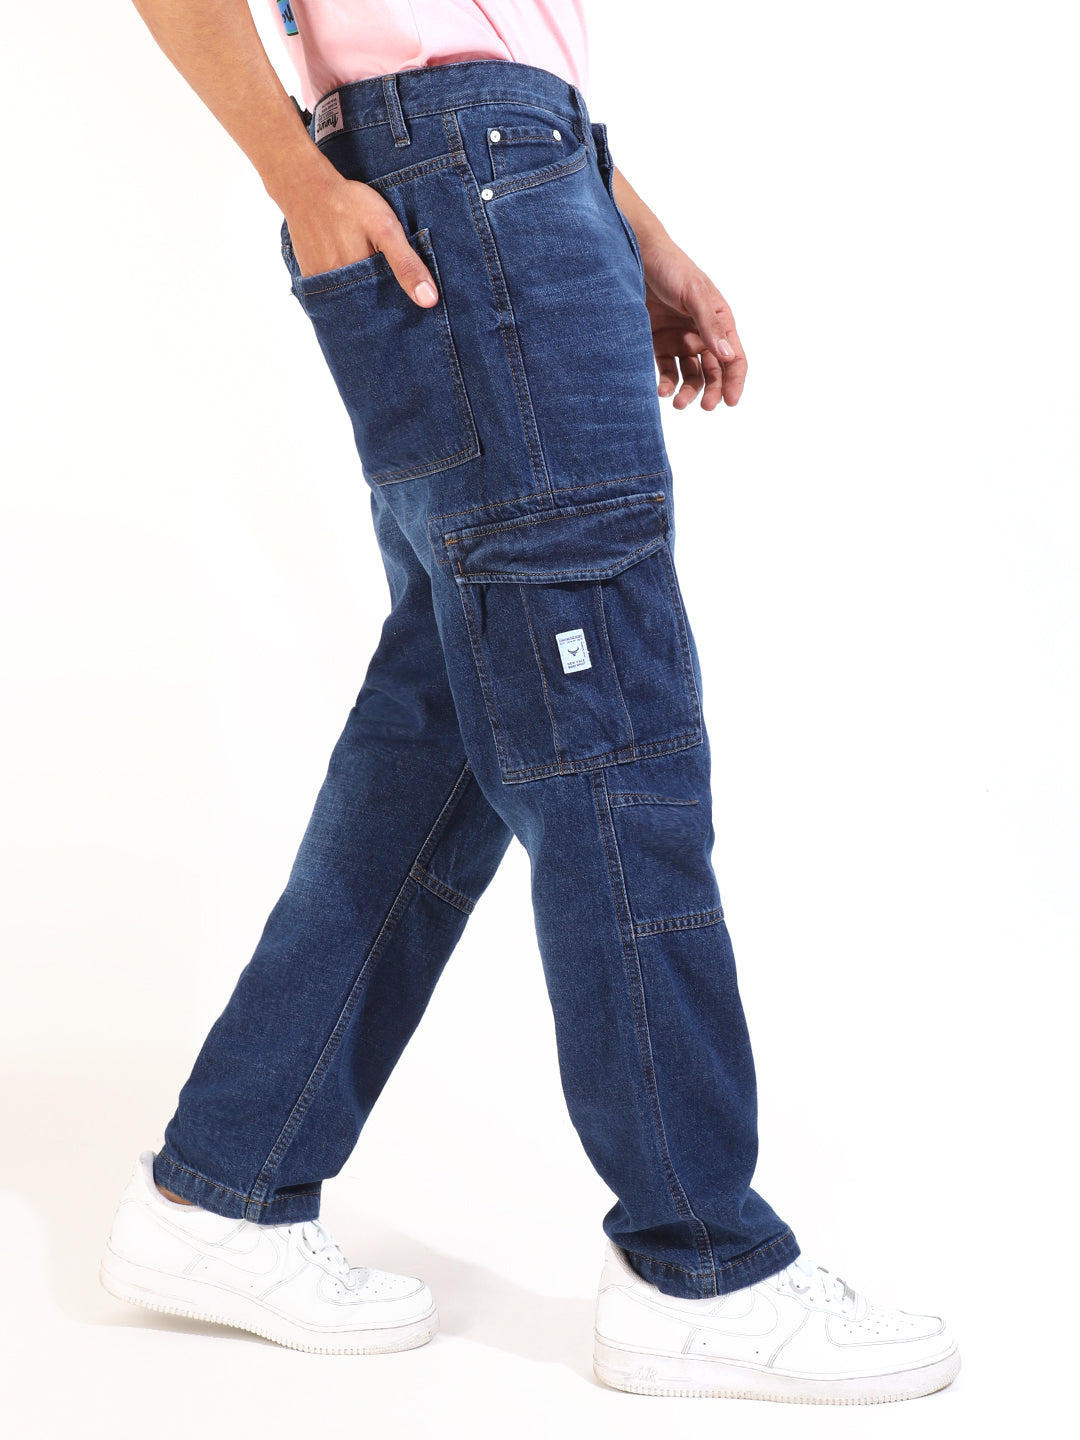 Jeans & Pants | Unique Jeans Pant For Men | Freeup
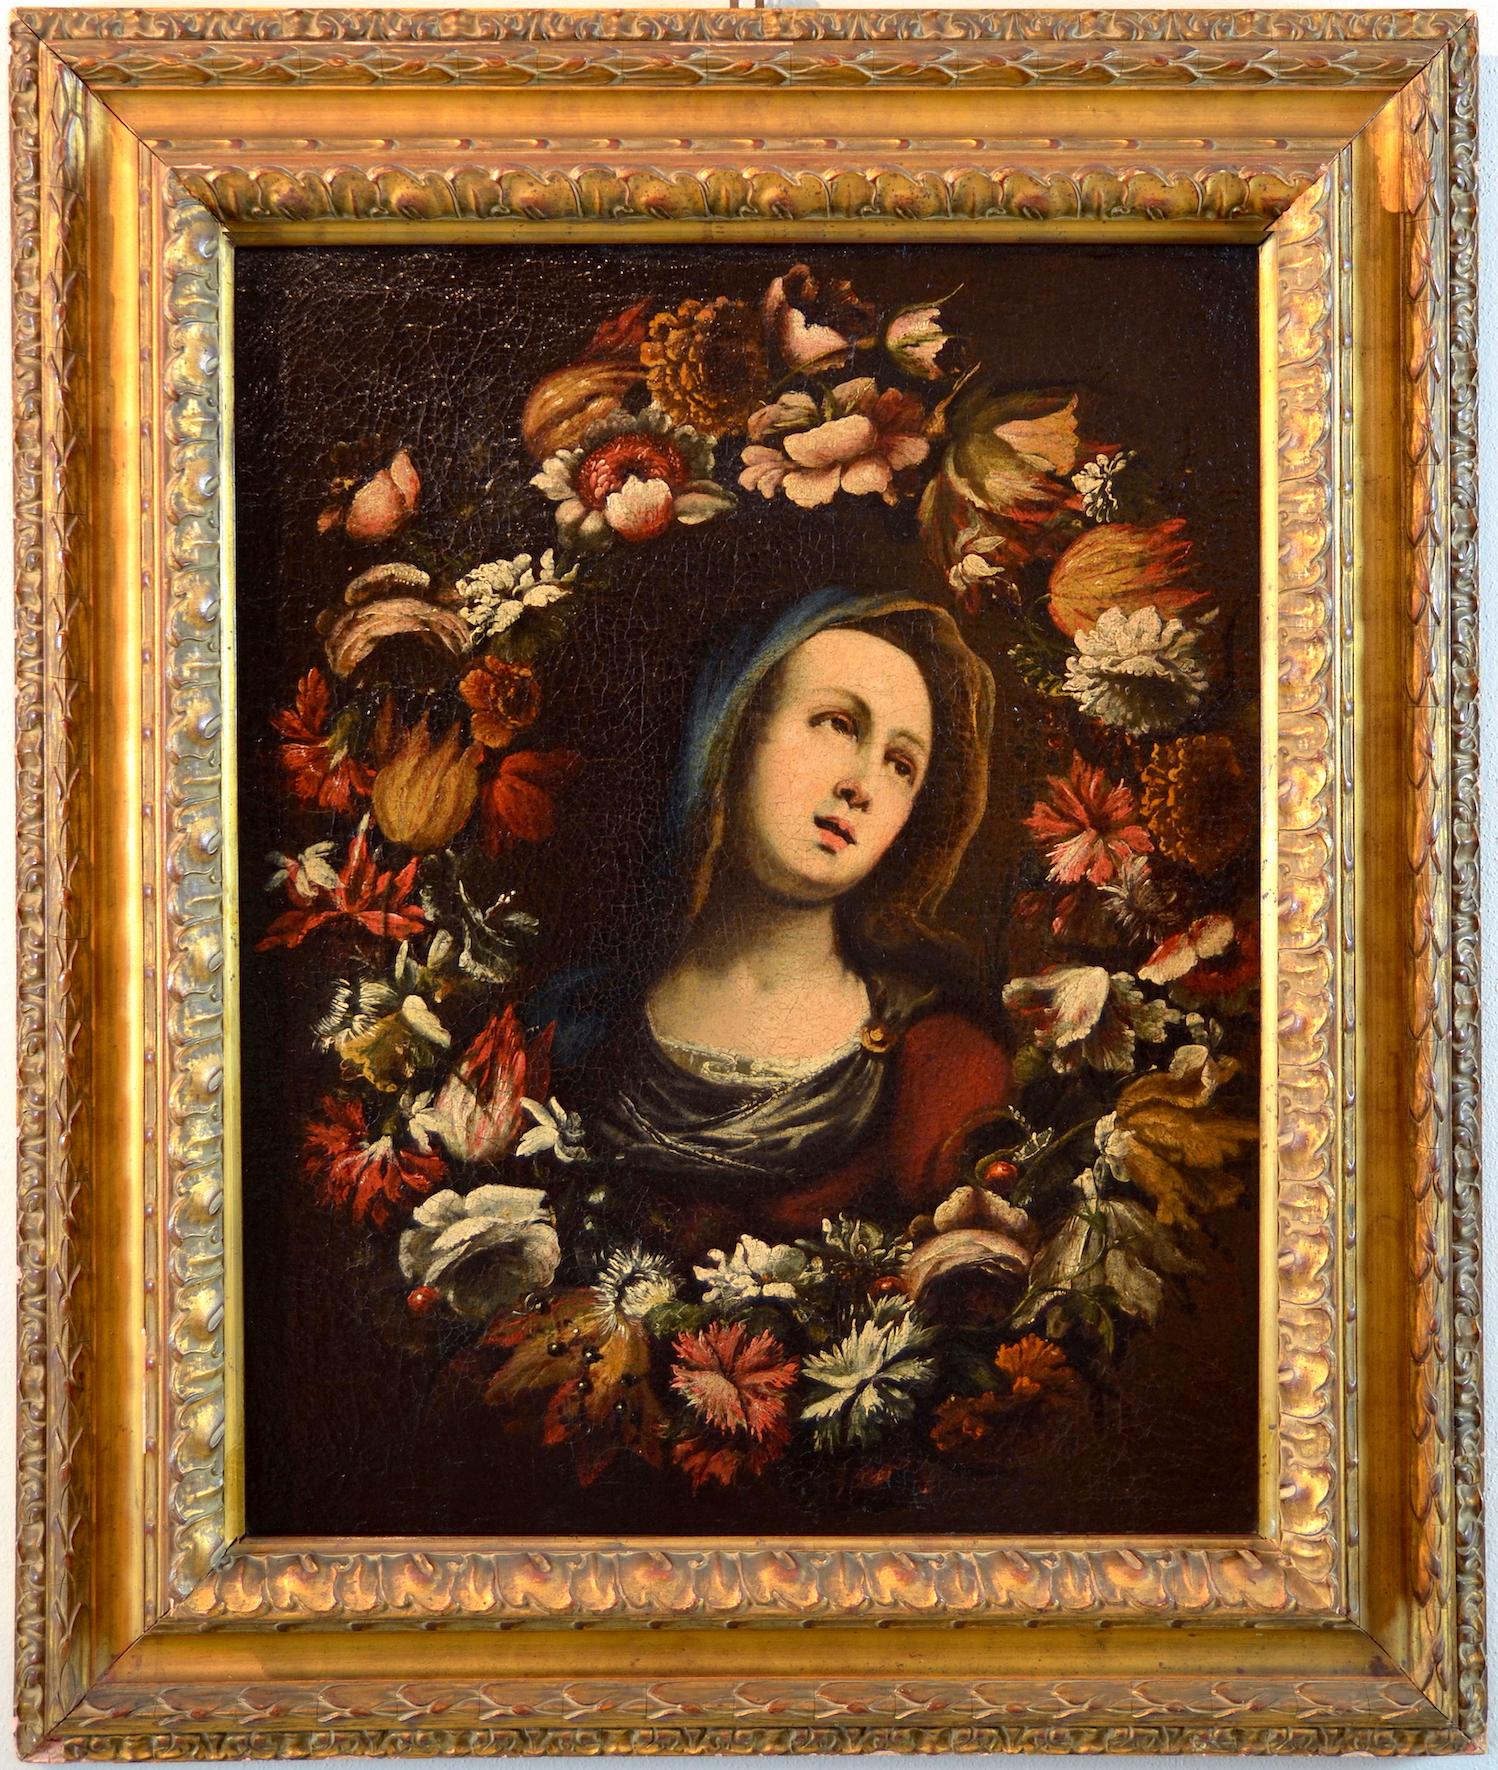 Peinture à l'huile sur toile fleur de guirlande vierge, huile sur toile, maître ancien, XVIIe siècle, Italie
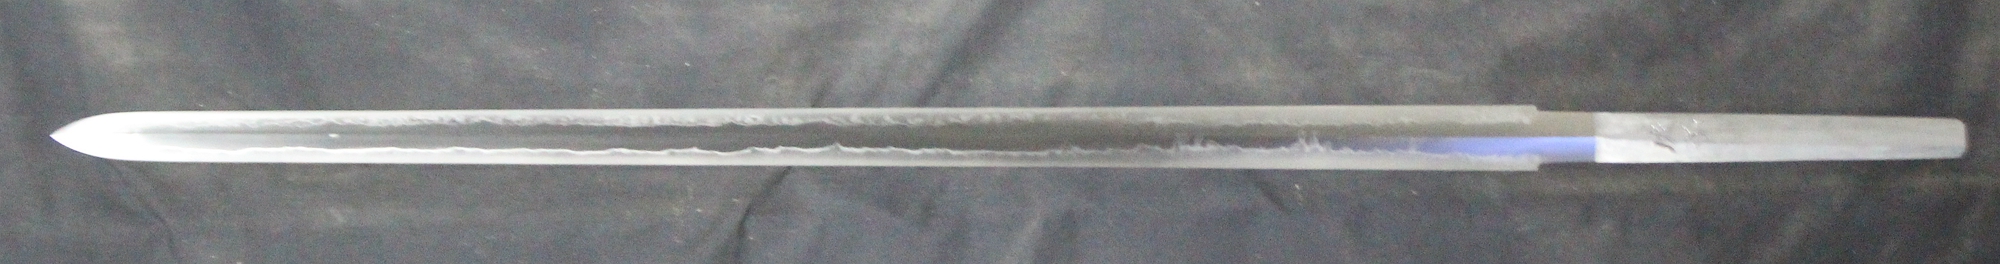 2007劍
========
__About this exercise__:
Begin with the line holding "Peinture à l'huile" and end with the last line of the listing. Reproduce each of those lines exactly, and leave every picture out.

__Solved problem__:
 Peinture à l'huile sur toile fleur de guirlande vierge, huile sur toile, maître ancien, XVIIe siècle, Italie
 2007劍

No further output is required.